Thursday 29 December 2016

JJ's 2016 in review.

So that was a busy year. I’m not sure what critical reflection on all of this I can give beyond this was probably at the limit of what I can achieve/do within a year. I spent way too much time working and not enough with family and friends. But at least with the #NZstars2016 conference out of the way and only the proceedings to sort out my time should become a little less constrained and I can try to get some balance back into my life.

Anyway if you're wondering why I've been so stressed this year, here is a probably incomplete list of everything I've done:


Research:


Service (astronomy):
  • Organized an IAU Symposium, #NZstars2016 which was complete success on every level! 177 astronomers in NZ to discuss the science find most interesting. Also equity was at the top of our minds when organizing it so will be writing a guide for how to make an inclusive and equitable meeting soon.
  • In collaboration with Nick Rattenbury advised on the science to Gilda Kirkpartick for Astarons Volume 2 which also featured on Real Housewives of Auckland.
  • Took part in discussions to set up Astro Aotearoa of research astronomers in NZ group.
  • For with the Astronomical Society of Australia to boost links to NZ.
  • Joined the ASA Inclusive Diverse Equitable Astronomy (IDEA) committee.
  • Applied for Pleiades award for Auckland Physics Department in collaboration with the department’s equity working group..
  • Multiple public outreach talks in Te Awamatu, Hamilton and AAS again.
  • Curated @astrotweeps for a week.
  • Started writing this blog for science, sci-fi and more stuff!


Service (University, Academia and wider):


Teaching (as one of people with highest teaching load that is still research active!):.
  • Taught 5 courses: 2x 1st year astro, 2nd year astro, 2nd year electromagnetism and 3rd year astro+particles! This all pushed me to the limit and I don’t think my teaching was as good as it could have been. Especially when 4 of these courses were in the same semester. But somehow scraped through for students thinking that my teaching was okay. This was also in addition to being openly gender diverse too.
  • At same time taking a course in Academic Practice, scoring A- grade. Also replanned and rewrote a design for 2nd year courses. Hopefully setting the format for future success of students in physics and to build on the 1st year redesign.
  • Still supervising my 3 PhD students, two of which published papers this year. Two are on course to submit next year and all their science is so super exciting!
  • Continued running the successful seminar series for physics department PhD students. Where previously there was no formal time all the PhD students would be together. This has led to the students having a great feeling of being a cohort of students.
  • Won the departmental teaching award for all of the above, especially the 2nd year course redesign.

Saturday 3 September 2016

Science of sci-fi: Does every planet look like home?

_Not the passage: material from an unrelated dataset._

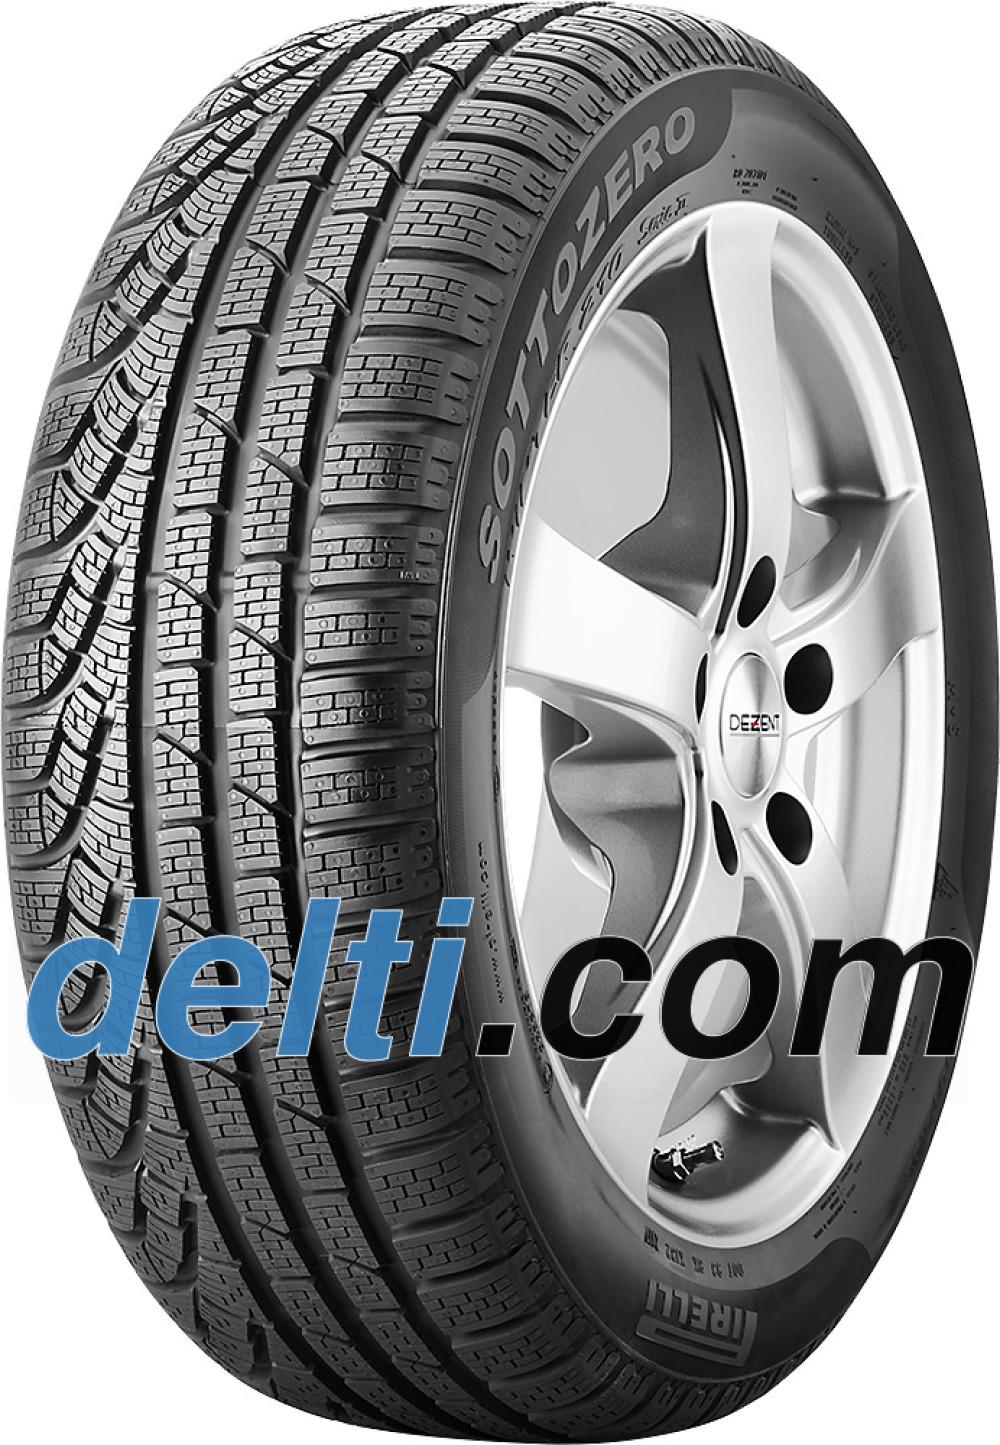 Pirelli W 210 SottoZero S2 ( 215/60 R17 96H , AO, med felgbeskyttelse (MFS) )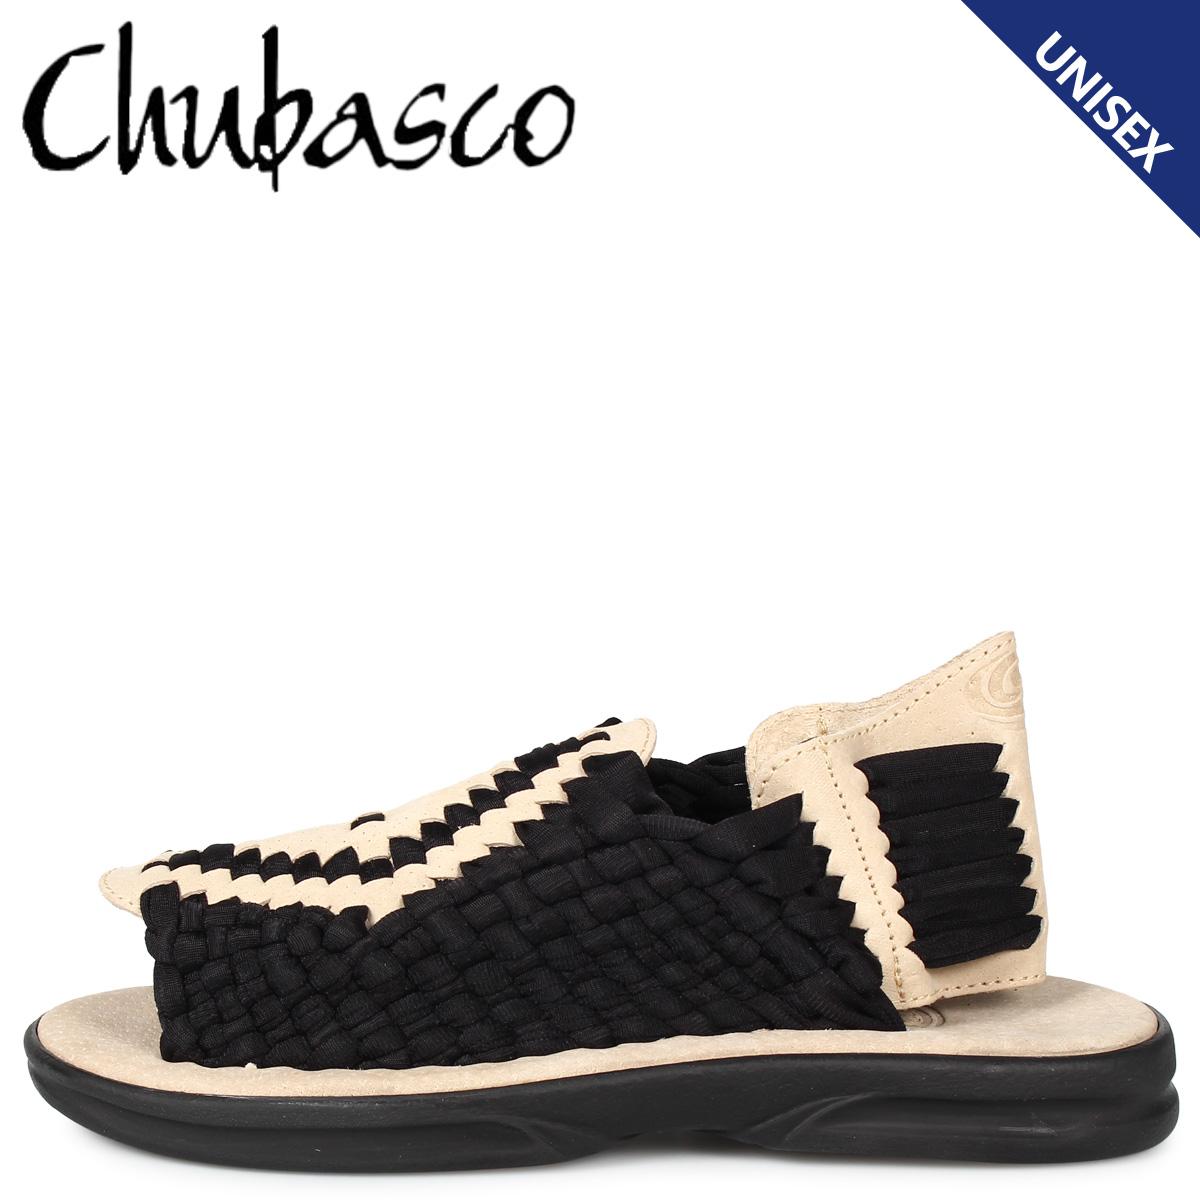 CHUBASCO チュバスコ アズテック サンダル スポーツサンダル メンズ レディース AZTEC ブラック 黒 A00061

It is a fact that today we know a surprising amount out extrasolar planets. The first exoplanets were detected in 1988 and as of August 2016, we know of 3374 exoplanets in 1257 planetary systems with 121 around binary stars. But before we get onto what we know about real planetary systems, what does sci-fi say planets should be like.


In sci-fi’s early days budgets were low and it was cheapest to have a planet of the week episode. While it was possible to make a set or choose a location, like a quarry that looked alien, all the worlds looked very much like Earth and buildings look very much like Earthican architecture. Although some locations could be picked with modern/strange architecture to give the impression of the future and/or alien worlds. Originally shows like Star Trek would have painted backdrops of locations to get around this issue. Of course today with modern computer graphics everything is possible.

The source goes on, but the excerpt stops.